We had not heard much of them while they were gone. Loulie had no one to correspond with, and Willie, like most men, never wrote letters; but we all were very curious to see them, and willing to welcome them, though we did not know how much they were going to surprise us. Willie Williams, indeed, was just the same as ever—in fact, our only surprise in him was to see him look no older than when he went away; but as for Mrs. Williams, she gave us quite a shock.

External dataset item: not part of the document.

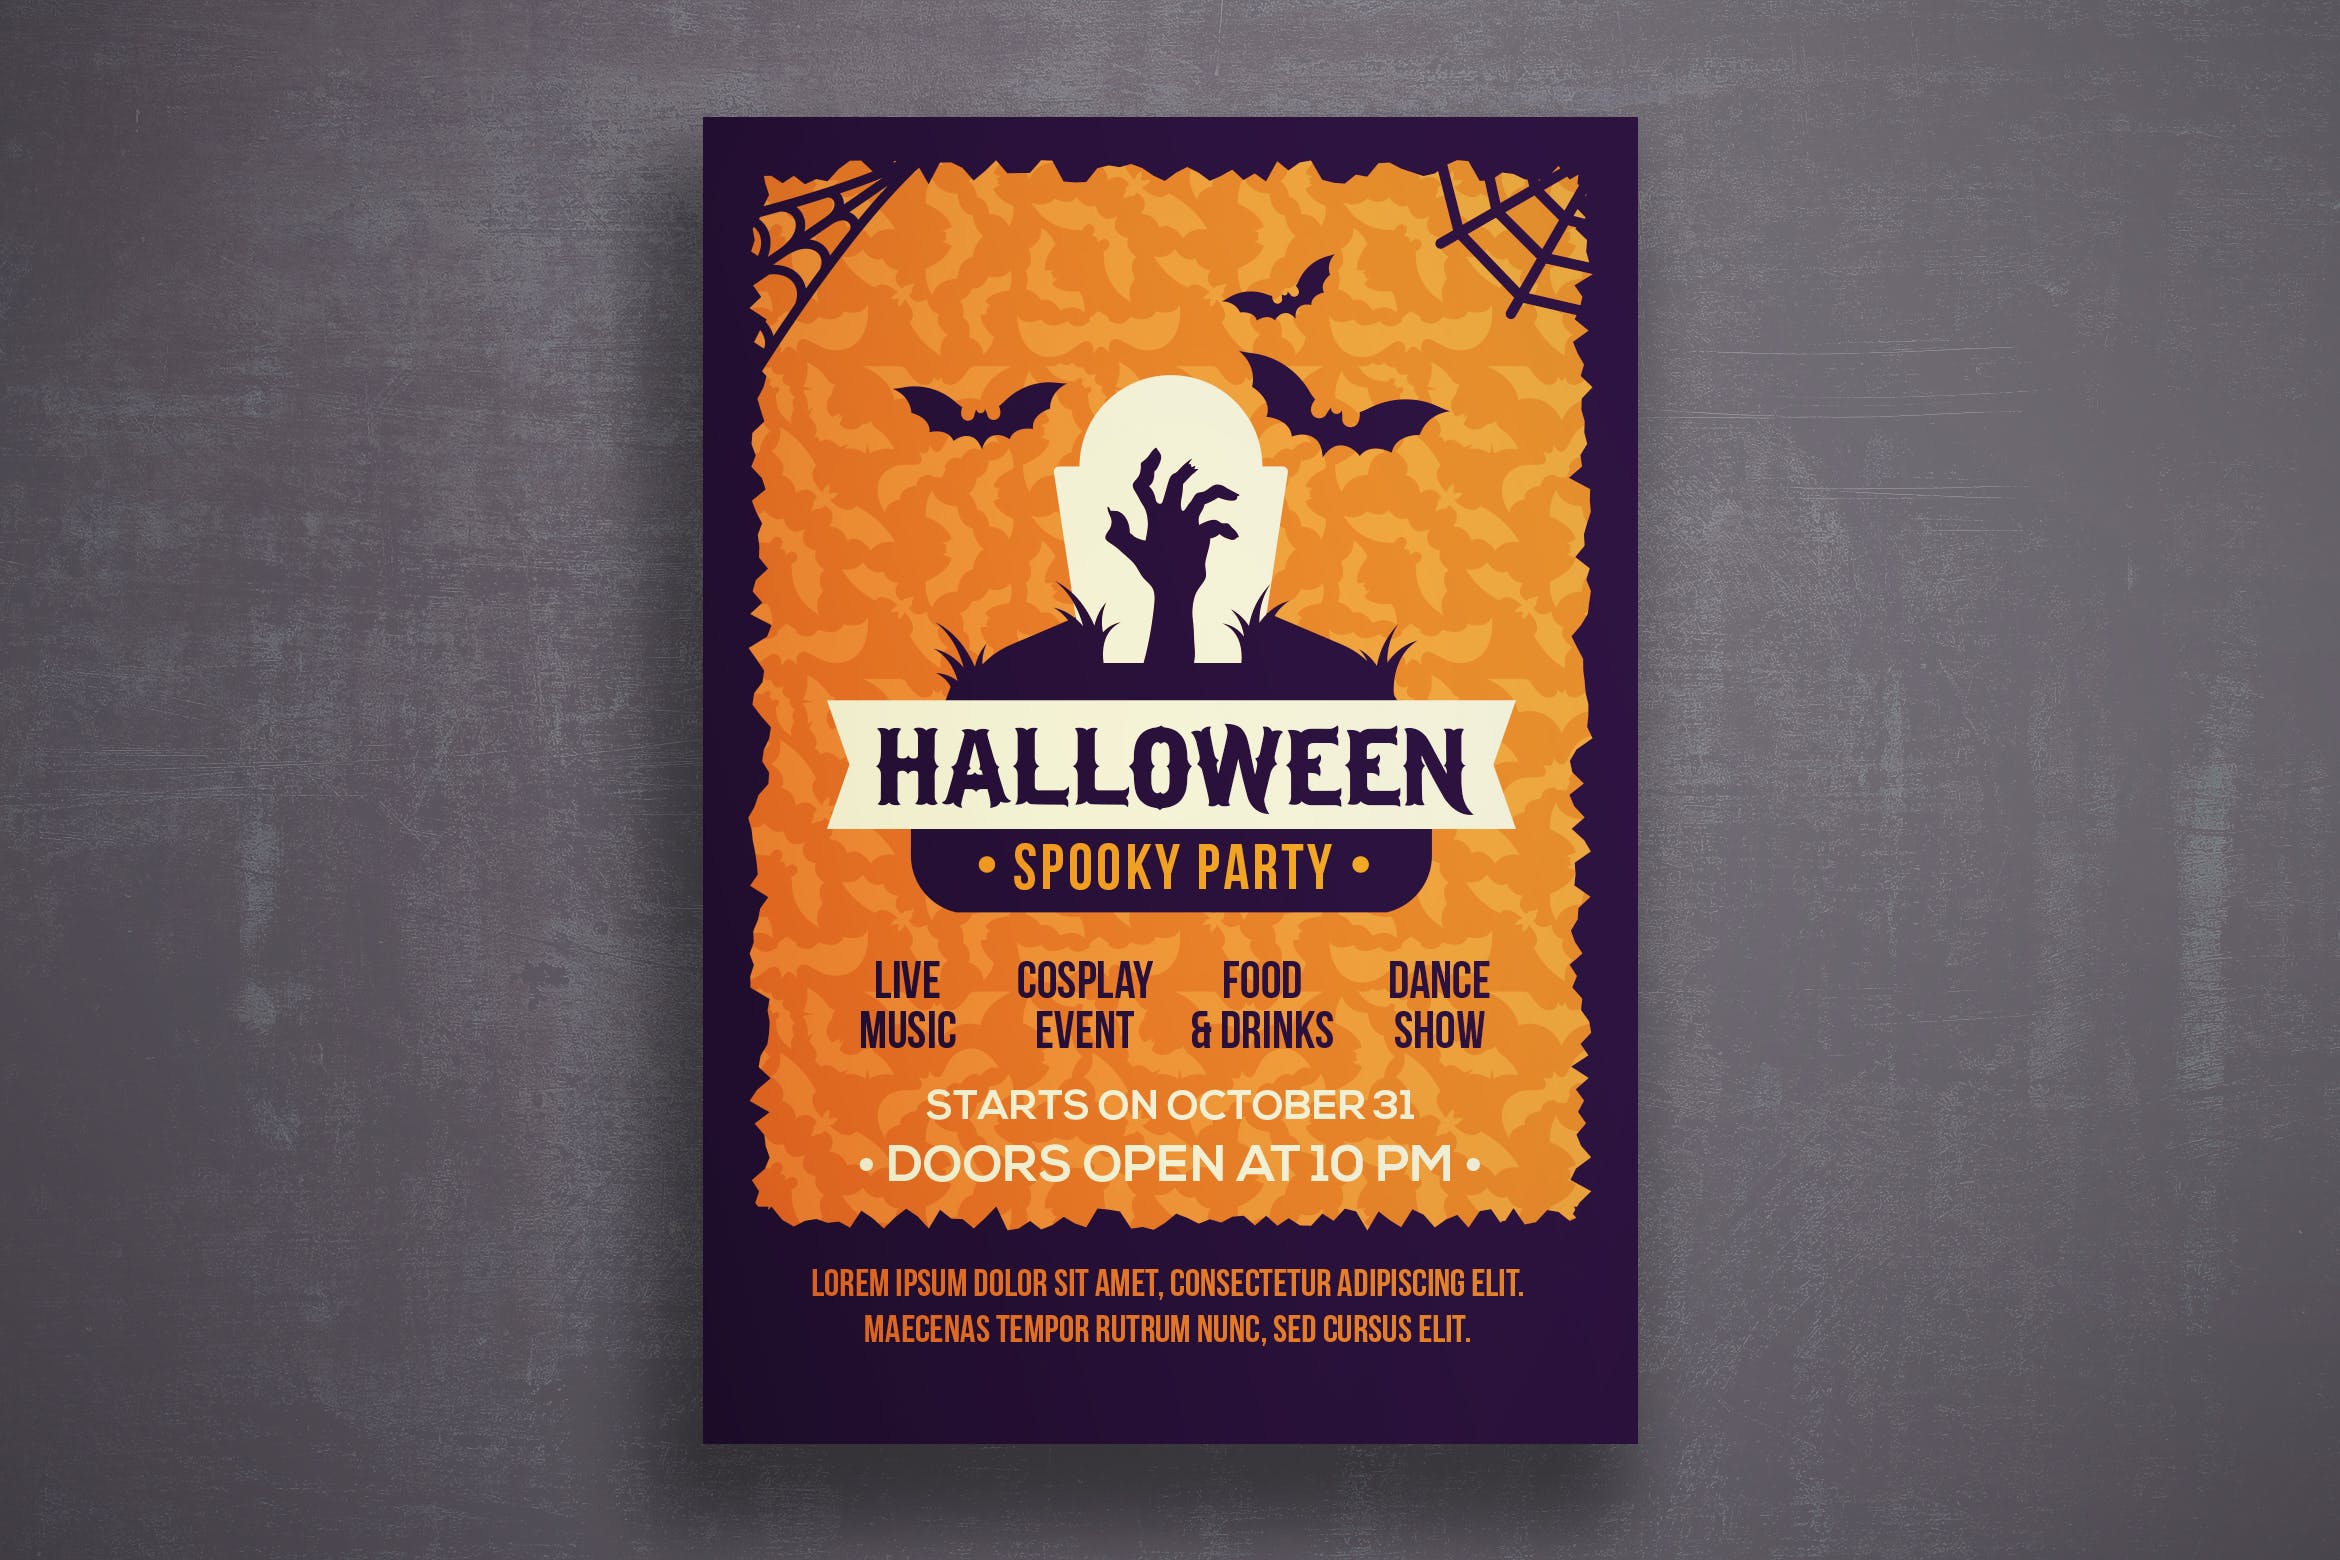 万圣节恐怖之夜活动邀请海报传单蚂蚁素材精选PSD模板v5 Halloween flyer template插图

For my part, I shall never forget how taken aback I was, when, strolling down to the station one afternoon with the children, with a vague idea of meeting Tom, who might come on that train, but who didn't, I came suddenly upon a tall, splendidly shaped, stately creature, in the most magnificent clothes; at least they looked so, though they were all black, and the dress was only cashmere, but it was draped in an entirely new way. She wore a shoulder-cape embroidered in jet, and a large black hat and feather set back over great masses of rich dark auburn hair; and, though so late in the season, she carried a large black lace parasol. To be sure, it was still very warm and pleasant. I never should have ventured to speak to her, but she stopped at once, and said, "Perhaps you have forgotten me, Mrs. White?"